L’attenzione dei bambini è massima quando viene presentata la
marionetta di Giufà (Hoca), usata nel teatro delle ombre, figura-ponte tra le
figure del mediterraneo. Lorenzo ed i suoi compagni dicono alla signora Anna
Maria che loro stanno allestendo una rappresentazione teatrale su questo
personaggio e chiedono se possono farle vedere qualche breve scena; ella li
accontenta mettendo un sottofondo di musiche albanesi.

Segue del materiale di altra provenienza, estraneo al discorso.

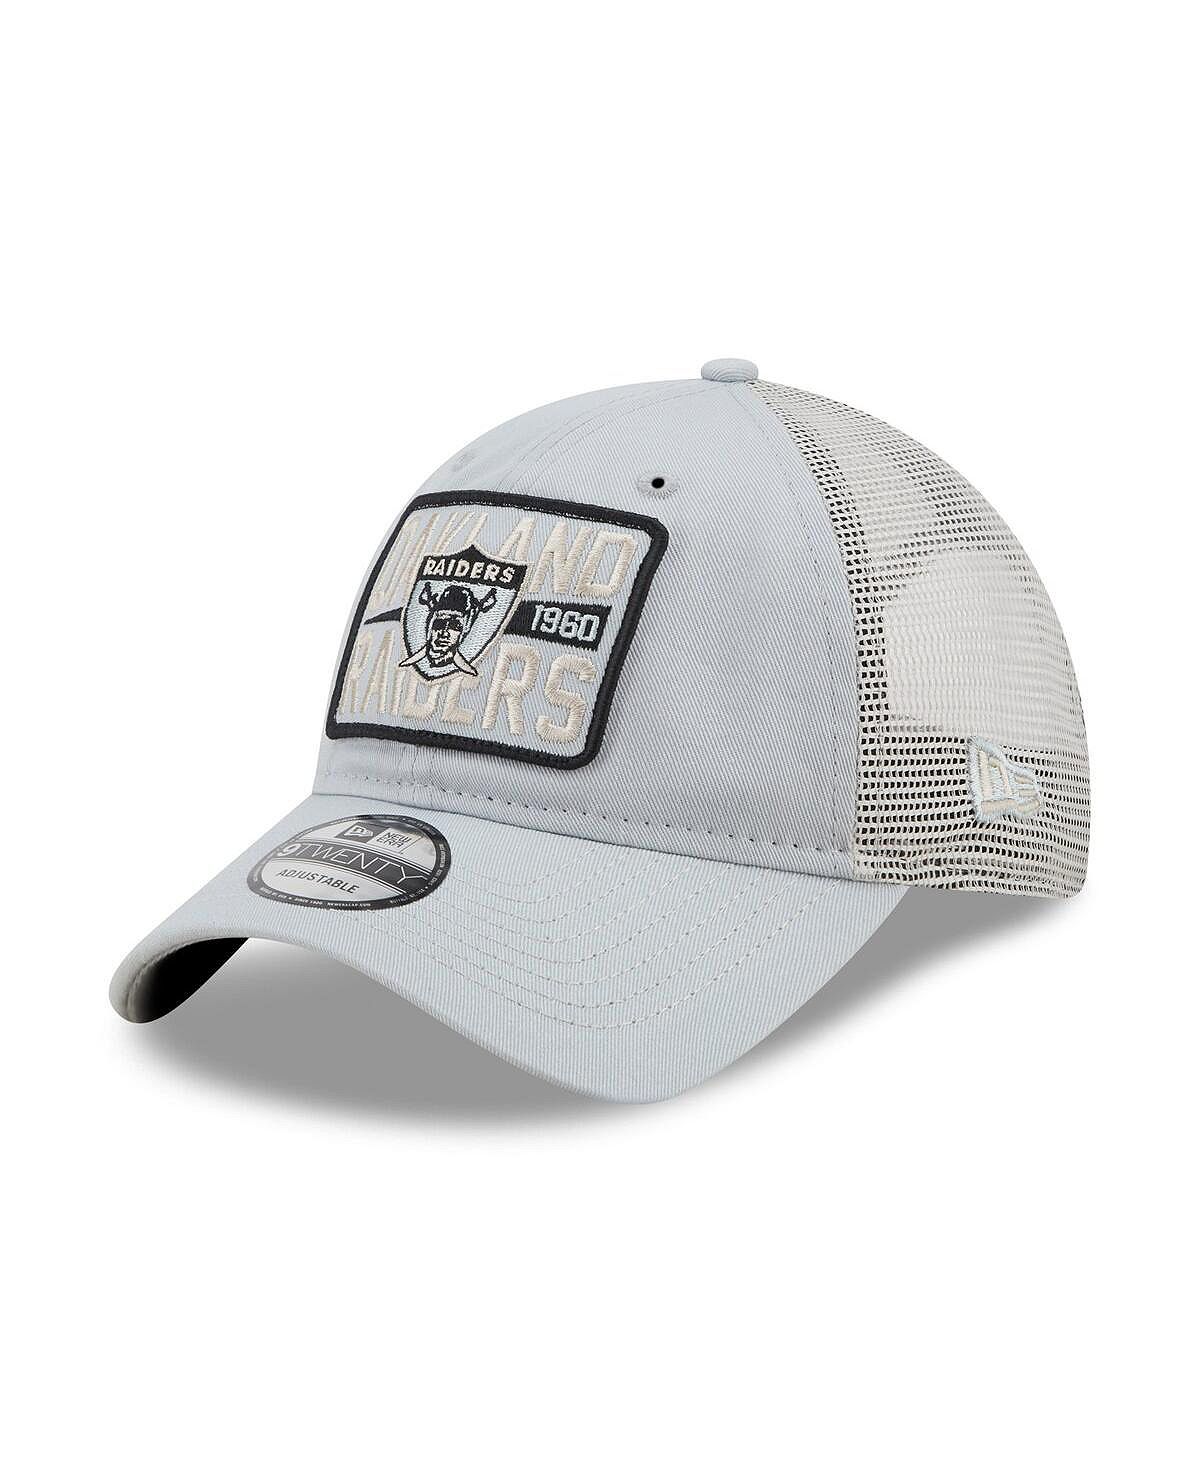 Мужская серебряная натуральная кепка Snapback с историческим логотипом Oakland Raiders Devoted Trucker 9TWENTY New Era

Con la valigia facciamo ritorno a scuola.
Lunedì 19 Marzo 2001 (mattina)
Facciamo circolare in classe il contenuto della Valigia, forniamo ulteriori
spiegazioni, poi invitiamo i bambini a scegliere un oggetto o un libro in essa
contenuti e a disegnarlo: tutti i disegni forniranno la “memoria” di quanto nella
Valigia è contenuto ed andranno ad arricchire il nostro Libro sull’Albania.
Ognuno esegue il suo disegno nelle dimensioni che desidera ma poi,
prima di colorarlo, si presenta la necessità di ridurlo a dimensioni più piccole per
far entrare più disegni in una stessa pagina. Riduciamo i disegni con la
fotocopiatrice, poi ogni bambino colora il suo.
Con i disegni componiamo le pagine che “raccontano”, sul Libro
dell’Albania, la nostra visita alla Biblioteca Centrale dei Ragazzi.